Courtesy American Society of Clinical Oncology

Dr. Michael N. Neuss

These participants in ASCO’s Quality Oncology Practice Initiative (QOPI) improved their mean overall scores for adherence to recommended care from 71% to 85%, Dr. Neuss and his associates reported. The study was to be presented at ASCO’s Quality Care Symposium in San Diego on Nov. 30, 2012.

Use of new clinical practices based on new guidelines or clinical evidence improved from 5% to 69% between 2006 and 2010. That’s "quite a remarkable improvement," said Dr. Neuss, chief medical officer at the Vanderbilt-Ingram Cancer Center, Vanderbilt University, Nashville, Tenn.

These new practices included pathologic examination of at least 12 regional lymph nodes for surgically resected colon cancer, which zoomed from nonexistent at the start of the study to 60% compliance within 6 months and 100% of practices complying after 5 years. Use of the antinausea drug aprepitant (Emend) improved from 20% of practices to 60%.

Clinicians were quick to adopt two clinical practices that were introduced during the study period. Genetic testing to predict response to treatment in patients with metastatic colorectal cancer increased from just over 60% of practices to more than 80%. Testing for KRAS gene alterations when administering anti–epidermal growth factor receptor therapy increased from approximately 55% to approximately 85% of practices.
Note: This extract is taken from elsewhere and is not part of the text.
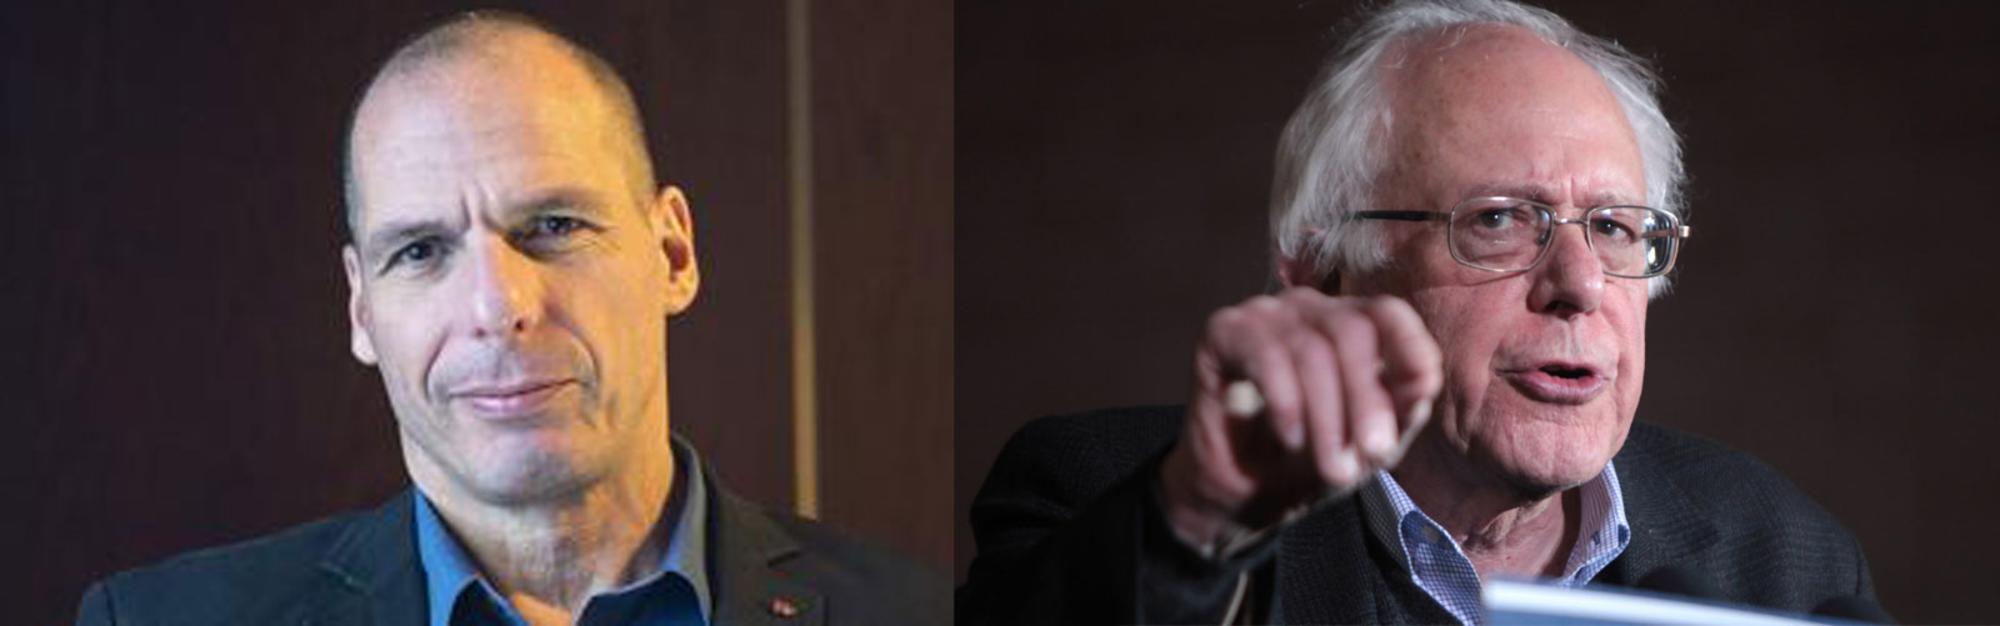 Varoufakis y Sanders

Throughout the study, close to 90% or more of physicians reported recommendations for adjuvant chemotherapy that concorded with guidelines. "On many adjuvant treatment measures, it appears that QOPI participants are already doing very well," Dr. Neuss said.

In the areas of smoking and fertility, however, practices were resistant to change despite strong evidence promoting specific care. Although physicians documented patients’ smoking status 90%-95% of the time, rates of smoking cessation counseling topped out at about 35%.
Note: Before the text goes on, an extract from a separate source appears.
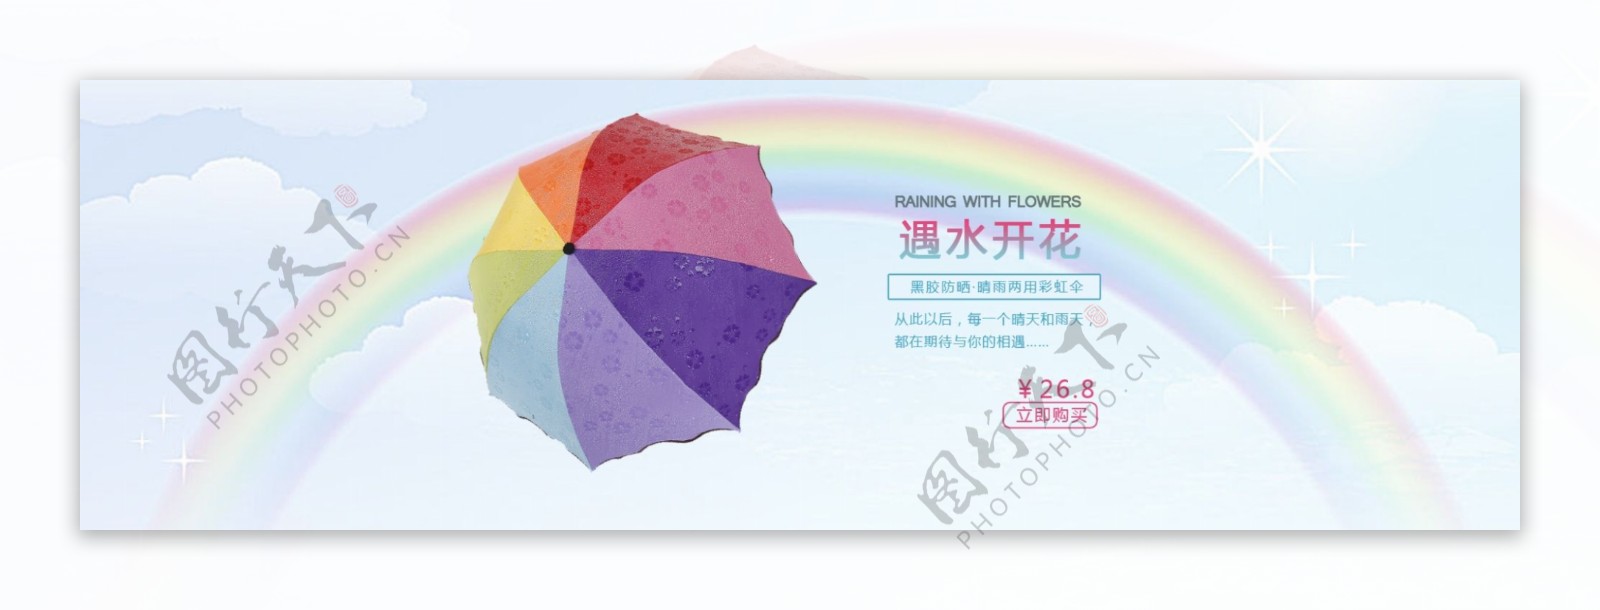 淘宝海报彩虹伞

"Similarly, there’s a good reason to tell people who may be rendered infertile by chemotherapy of this problem and of potential solutions to it," but no more than 30% of patients got discussions of infertility risks and only approximately 15% heard about fertility preservation options, Dr. Neuss said.

Data came from a larger cohort of approximately 2,000 physicians in 308 practices (comprising 15%-20% of U.S. oncologists) who participated in QOPI beta testing from 2006-2010. Twice yearly, physicians reviewed patients’ charts and filed a structured online report on an average of 100 preidentified measures that the QOPI uses to assess quality of care. Within 2 weeks, the practice would receive a report from QOPI on how the practice’s rates of compliance with recommended care compared with the ideal, rates for all practices in QOPI, and rates for practices similar to their own.

"It’s entirely up to you how you act on that result or ignore it," he said.

Each practice provided at least two rounds of data (averaging six rounds) and reported on 30 or more patients per round. The analysis looked at 50 measures of quality that did not change during the study period in seven modules – core quality measures, symptom management, end-of-life care, non-Hodgkin’s lymphoma, breast cancer, colorectal cancer, and non–small cell lung cancer.

The study excluded practices that did not provide a full data set, were located outside the United States, or that presented trainee data. The investigators developed a logistic regression model to accommodate varied performance at the start of QOPI, which normalized performance among groups and allowed assessment of each practice’s improvement.

QOPI has moved beyond beta testing and now includes more than 800 registered oncology practices participating, he said.

Dr. Neuss reported having no financial disclosures.